僕の大学デビュー天下取り物語
デブホストのいる男グループがそのギャル達に話しかける。僕が本当のナンパ上級者なら、酔っ払ったフリとかしてその集団に「なんの話ー? オレも混ぜてー」とか一人でいけるのだろうが、さすがにそこまでの勇気はない。
もう一組、ギャルの三人組が来たが残りの男グループの近のソファー席に座り、カウンターにいる僕らは完全に余った。正確には寝ている新一郎と僕一人だ。
こうなったら、もう記憶を失くすくらい酒を飲んで、目を覚ましたときの未来にかけるしかない。酒の力で理性をなくせば、なんだってできるはずだ。
そして、それを覚えてさえいなければ、恥をかくこともない。
「黒霧、ロックで!」
僕は水割りだった焼酎をロックに変えた。
そのときだった。カラン、カラン。一人の女の子が入ってきた。ギャルではない、黒髪のショートカットのスタイルの良い綺麗な子だった。その子は僕の隣りに座ると、すぐにハイボールを頼み、細い煙草に火をつけた。
「久しぶりだね、満里奈ちゃん」
「最近、忙しくて」
横目でちらりと確認すると、改めて綺麗な子だった。白い肌、少し茶色がかった瞳は透き通った清澄さがあり、長いまつ毛がその輝きを引き立てていた。すらりと通った鼻筋にしゅっとした輪郭。
綺麗ではあるけどその横顔にはどこか影があり、ミステリアスな雰囲気も携えている。そして、煙草が似合っていた。
僕は思わぬ美女が隣に来たことで途端に緊張してきた。とりあえず、その満里奈と呼ばれるその子と同じように煙草に火をつけた。
煙草は最近始めたものだ。でもずっと吸ってて慣れてますみたいな顔で吸う。あ、そうだ。今更だけど、このときの僕はまだ十九歳の未成年だが、喫煙も飲酒も勘弁してくれ。今はもっと厳しいかもしれないけどあの頃の大学生なんてそんなものだ。

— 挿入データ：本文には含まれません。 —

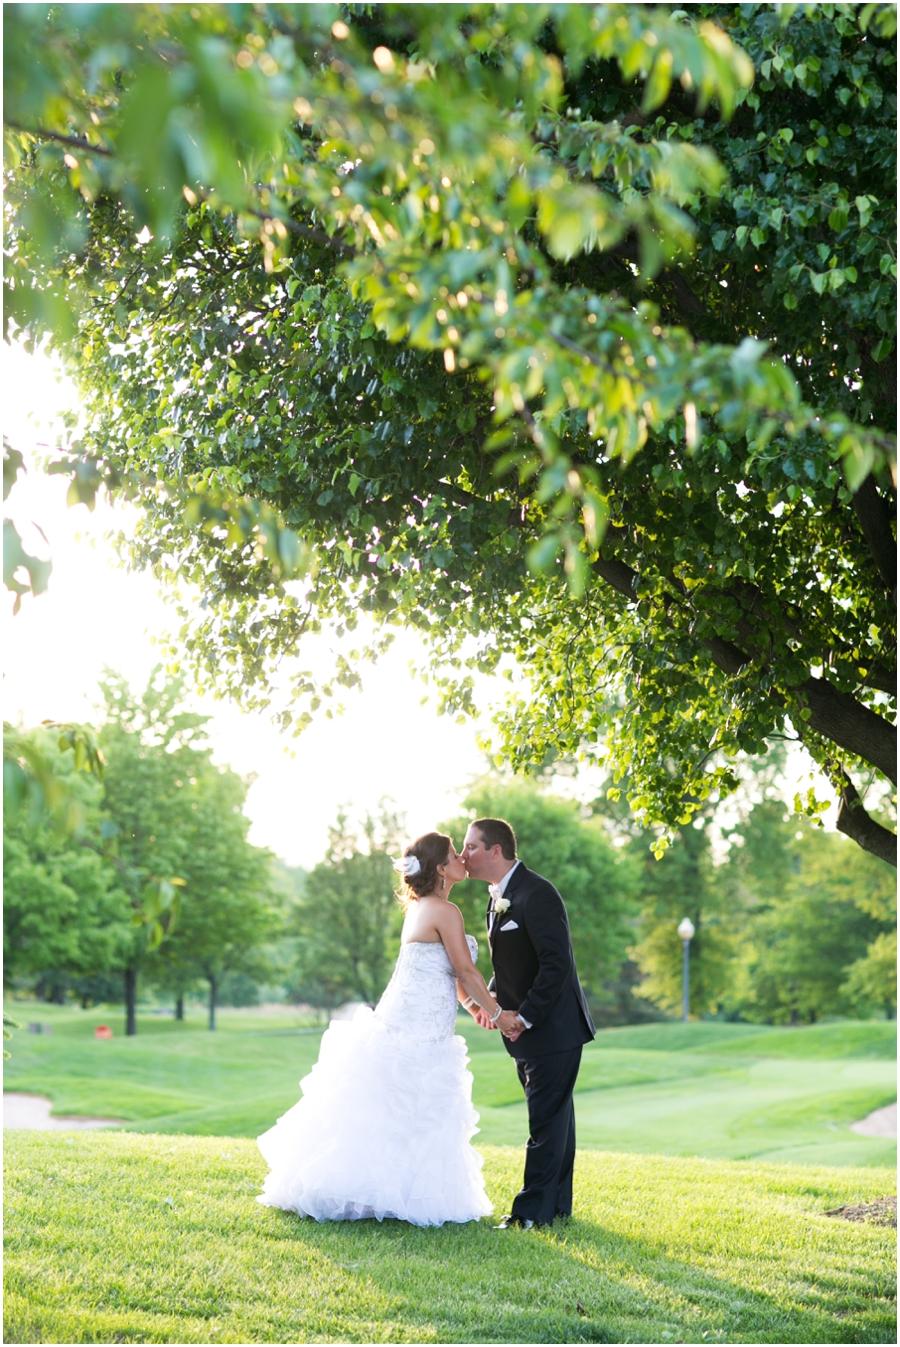 The Manor at Commonwealth Wedding - Horsham Wedding Photographer
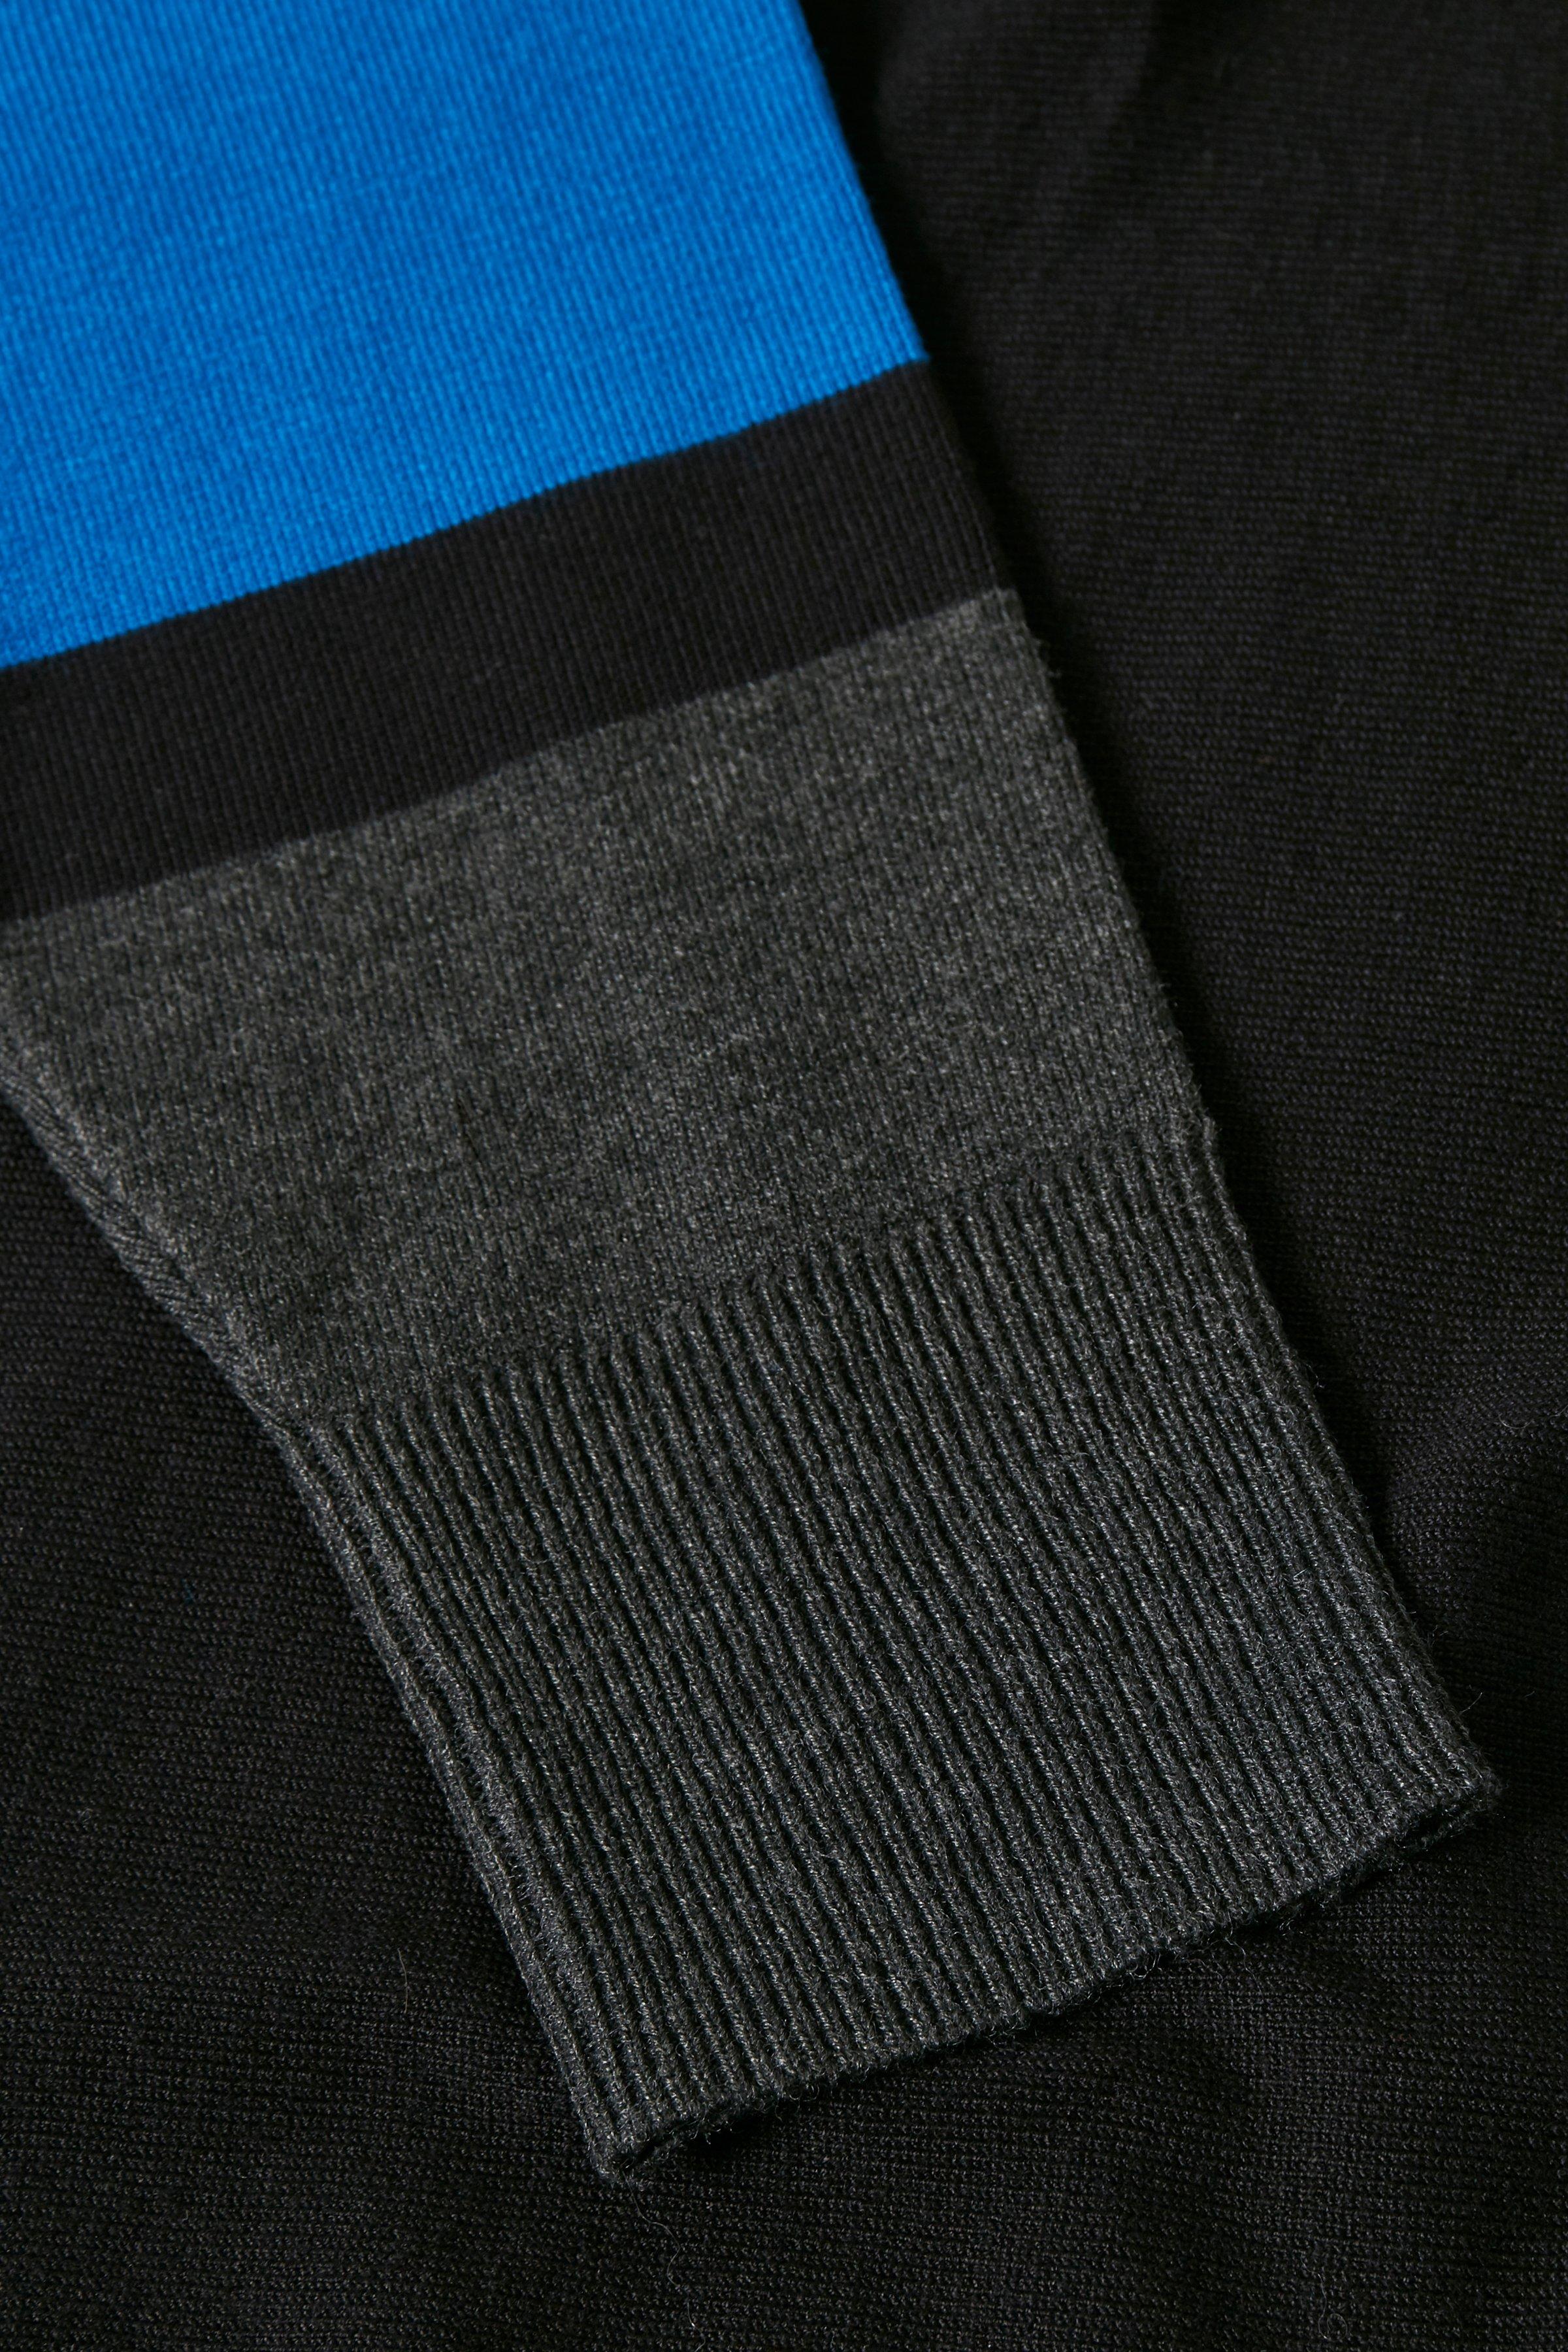 Svart/blå Stickad pullover från Bon'A Parte – Köp Svart/blå Stickad pullover från stl. S-2XL här

店員さんと満里奈の会話に、携帯電話をイジるふりをして慎重に耳を傾けてると、いくつかの情報がわかった。満里奈は今近くのダーツバーで働いていること、少し前までダンサーをしていたこと、今日は友達との予定がなくなったから一人で来ていること。
なんとか話しかける糸口はないか、会話を聞きながら頭を働かせる。でも、なんだろう。この満里奈という女の子はなんか既視感があるというか、初めて会った気がしなかった。そのせいか急に馴れ馴れしく話しかけても、うまくいきそうな気もする。
記憶をたどると、一つ思い当たった。
美穂ちゃんだ。中学の時に僕が好きだったアリエルの美穂ちゃん。それにどことなく似てるのだ。
あのときの美穂ちゃんが年を重ねて、変なヤンキーと付き合って傷ついてちょっと影がある感じの雰囲気が出て、そうなればきっと今の満里奈みたいになるに違いなかった。